AMD has teased us with Carrizo, its sixth-generation APU, for months, dribbling out bits of detail, culminating in a recent series of worldwide briefings meant to showcase the engineering prowess behind this Bulldozer-based processing platform, and finally launch the product. It will be available in notebooks from OEMs starting this month.
The APU features Excavator, a new core built on the same 28nm process node, yet it packs in a dizzying array of execution efficiency and features HVEC decoding, a bigger L1 cache and the first true HSA 1.0 support. AMD said that Carrizo is aimed squarely at the sweet spot of the mobile market: the $400 to $700 laptop. And that's where Carrizo's story truly begins.
Today's notebooks are used for all sorts of tasks that had previously been reserved for high powered desktop systems. Video editing, photo editing, gaming, high quality video playback and heavy multitasking are now normal affairs for portable computers.
Citing internal research, AMD claimed that every second, two notebooks are sold in the $400 to $700 price range, which works out to two out of every five notebooks sold. But these computers typically lack performance, especially for playing games or watching high quality video smoothly, without stuttering or significant battery drain. This is the main problem that AMD hopes Carrizo will solve.
Carrizo is set to replace Kaveri in the mobile market, and it will usher in a host of new forward-looking features that AMD believes will not only set it apart from the current competition, but will ensure relevance and usability for the coming years.
AMD claimed Carrizo has 17x the compute performance, twice the graphics capability and double the battery life of the Kaveri architecture. All this, while maintaining the process at 28nm, and focusing on a power target of 15 W for light and portable notebooks.
Company executives indicated that this is the result of a corporate culture that shifts towards power efficiency.
Energy efficiency has been steadily improving year over year for the last six years, with AMD achieving 10x increased efficiency between 2009 and 2014, but in 2014 the company vowed to increase energy efficiency an additional 25x by the year 2020. To do that, engineers have to find ways to outpace Moore's Law.
AMD claimed Carrizo already represents a big leap towards that goal. Amazingly, it said company engineers managed to squeeze out 240 percent more performance per watt.
"It's important to set aggressive aspirational goals. It motivates the engineering team; it helps galvanize thinking," said Sam Naffziger, AMD Corporate Fellow. "It's one of the things that stimulates innovation and ways to get there when it seems too big a stretch."
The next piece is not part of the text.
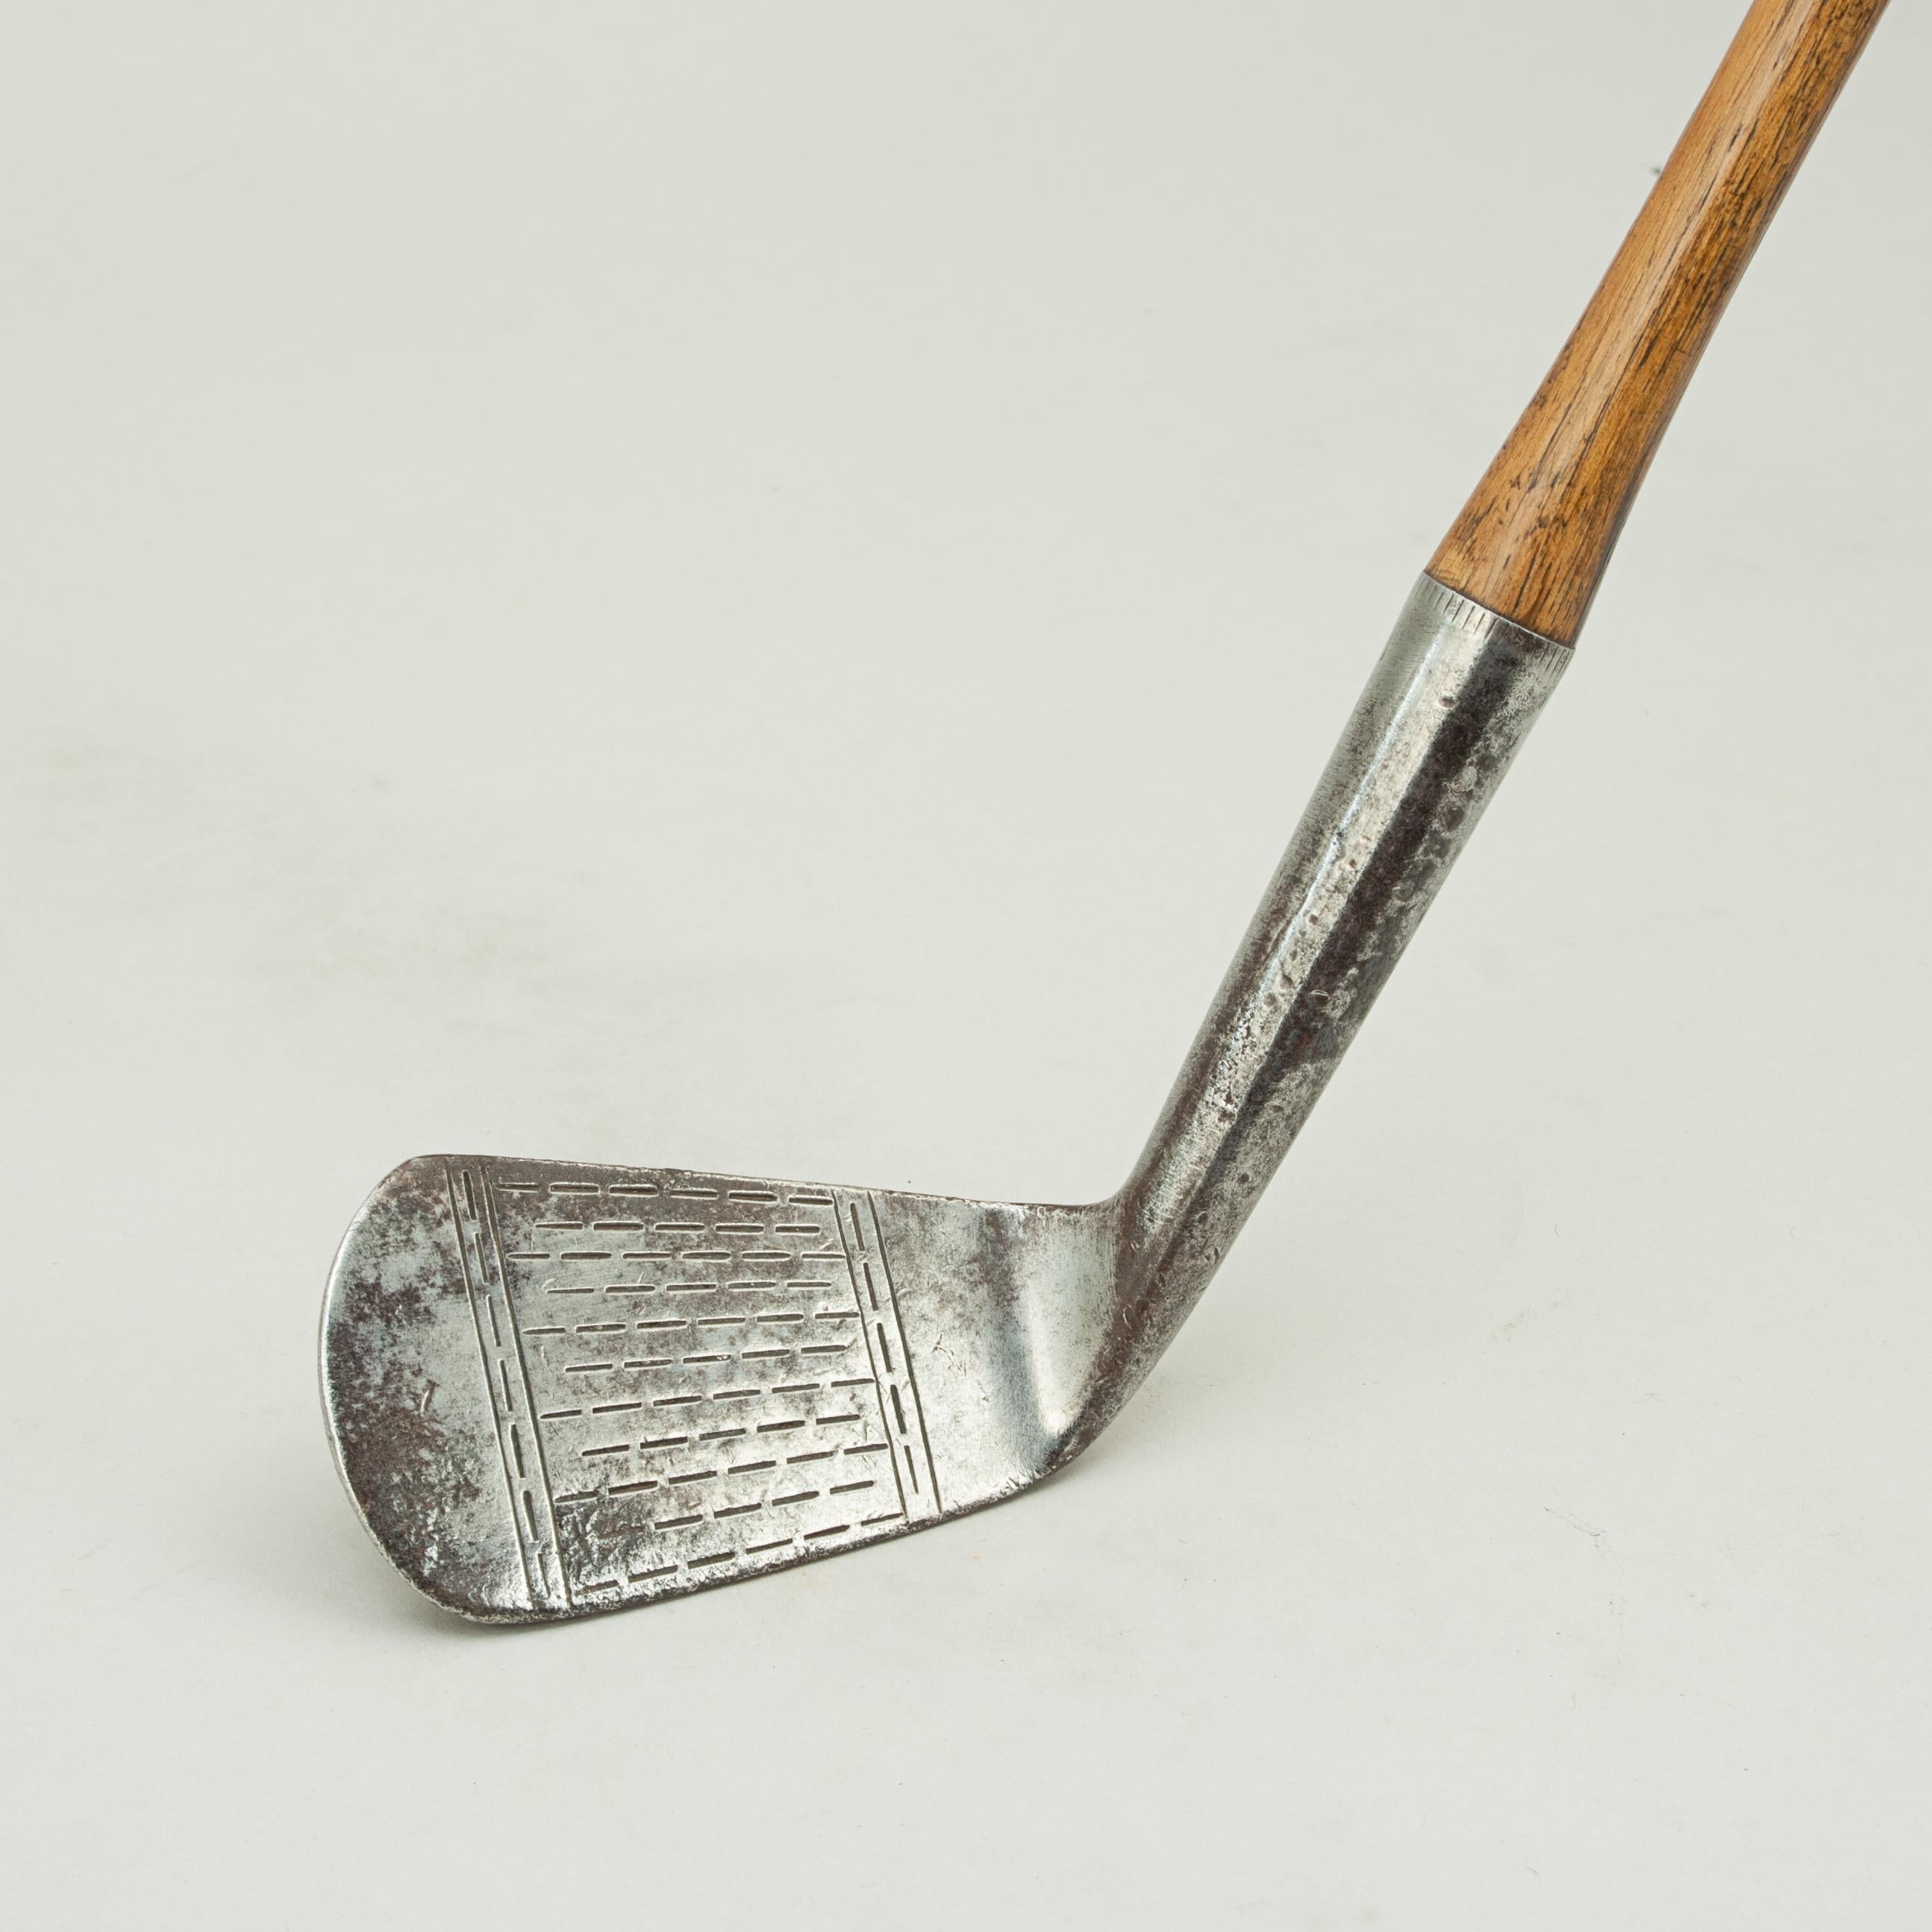 Vintage Hickory Golf Club, Deep Face Mashie, Chestney.
A good hickory shafted deep face mashie golf club by Henry Chestney. The club is with suede leather grip and could be used to play hickory golf with. The club head is with hyphen or dash face

Coming Together To Innovate Better
AMD acquired ATI Technologies back in 2006. Since then the company has used its technologies and people to come up with some very forward thinking ideas, but AMD's engineering teams are spread out and synergy takes time. AMD indicated that Carrizo's most promising innovation is the result of such collaborations of knowledge.
Specifically, the CPU team observed the way the GPU team used high density library technologies to maximize the available space with the most capability possible, surmising that this technology could benefit the CPU side. Without any official direction, experiments began.
With the lack of a new process node, the engineering team had to figure out how to reduce the space used on the die to make room for other features, such as improved graphics and multimedia decoding. Implementing the knowledge learned from the GPU team reduced the size of the Floating Point Scheduler by 38 percent, the FMAC by 35 percent and i-Cache Control by 35 percent. In total, even with all the extra features, AMD reduced the APU area by 23 percent in Carrizo.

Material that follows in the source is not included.